Can You Trust Your Customers Really Are Who They Say They Are?
We live in unprecedented times. Criminals now know more about the identity of a bank’s customers than the bank.
Due to vast amounts of data available to criminals and their clever ability to masquerade as and manipulate their victims, FIs find it increasingly difficult to trust that their clients truly are who they say they are.
Trust Damaged by Access to Personal Dataearly a billion identities have been exposed since the beginning of 2013. Around the world, 1,355 records are stolen every minute. And criminals are using their detailed knowledge of account holder and bank employee identities to commit fraud.
We all see the news about new strains of malware, data breaches, credential compromises and new fraud tactics one at a time. But they are additive. When taken together, including what people willingly share on social networks and additional data gathered through social engineering, criminals have an unprecedented amount of data about account holders and employees.
Trust is further eroded by victims being tricked or manipulated into doing something that benefits the fraudster. Recent examples include criminals using compromised business email account to submit fake vendor invoices that fool AP staff into paying them, and compromising a CFO’s email account and using it to ask the controller to send a wire to the fraudster’s account.
As a result of this loss of trust, many financial institutions hold back on capabilities because of concerns over trust and security, scaling back the speed and depth of products and services they offer, how big of an audience is allowed to use certain capabilities, and the overall service levels being offered.

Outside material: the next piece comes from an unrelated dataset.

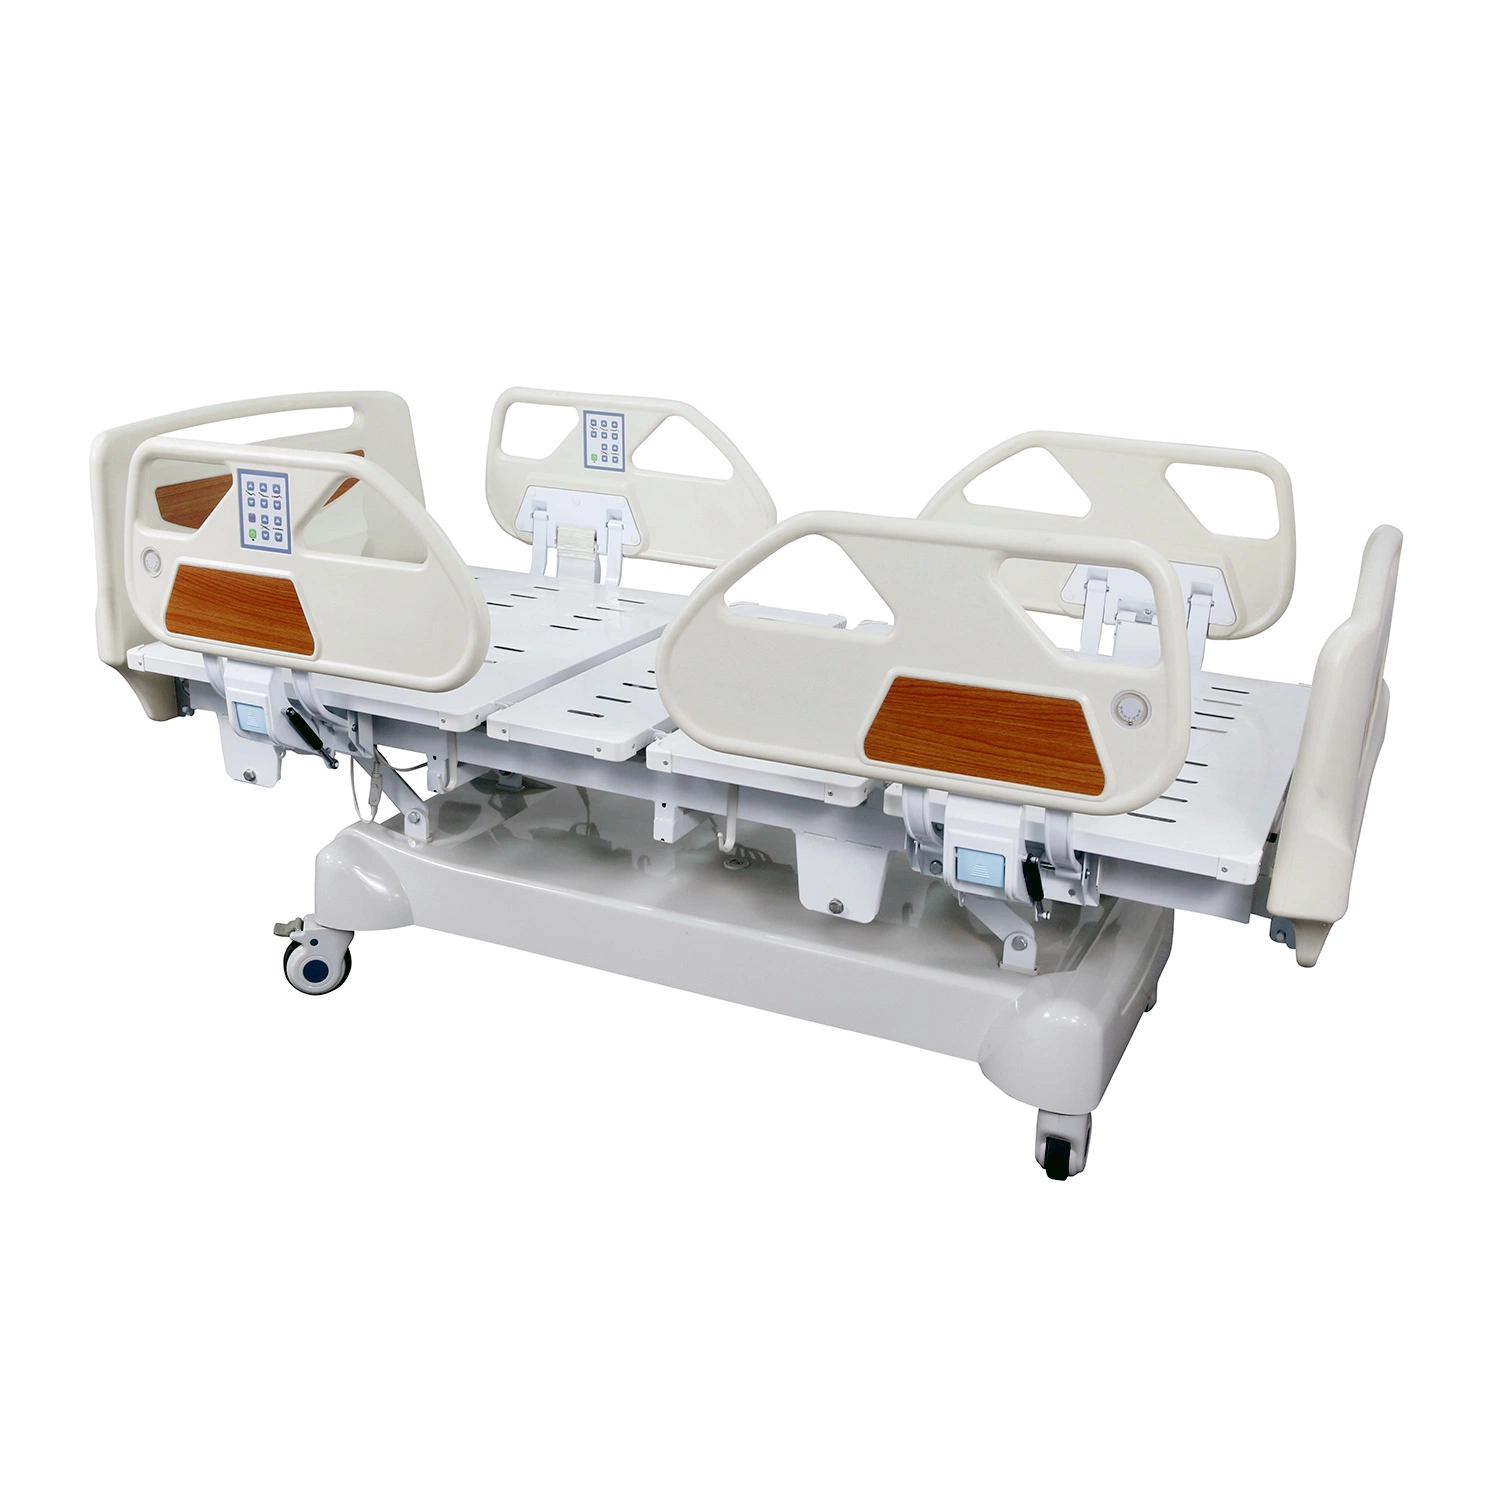 الأثاث التجاري سرير مستشفى ICU المصنع المعدات الطبية

Institutions’ Unique Advantage Over Criminals – Behavior
This isn’t an authentication problem, or a device problem, or a manual review problem. These measures have been defeated and simply doing more of the same won’t prevent fraud nor solve the trust issue. Financial institutions need a different approach to validating that users are who they say they are and their actions are not being driven by criminal manipulation.
While criminals may have identity information as a weapon, FIs have an something much more powerful – a rich account holder history of interactions with the institution. Account holder behavior is an FI’s greatest asset in their fight to prevent fraud.
By using behavioral analytics to detect suspicious activity, FIs will once again know when a user is legitimate (and engaged in legitimate activity) and not an imposter. FIs will regain control over trust because while fraudsters can worm their way past any authentication control, they can’t mimic the behavior of the legitimate user.
Unprecedented times call for new solutions. A recent Aite Group study found that 79% of the financial institutions interviewed have one or more behavioral analytics solutions already in place, with another 10% in the pilot phase. FIs using behavioral analytics can prevent banking fraud and mitigate the risks associated with expanded services, turning this data-induced identity crisis into improved competitiveness and customer loyalty.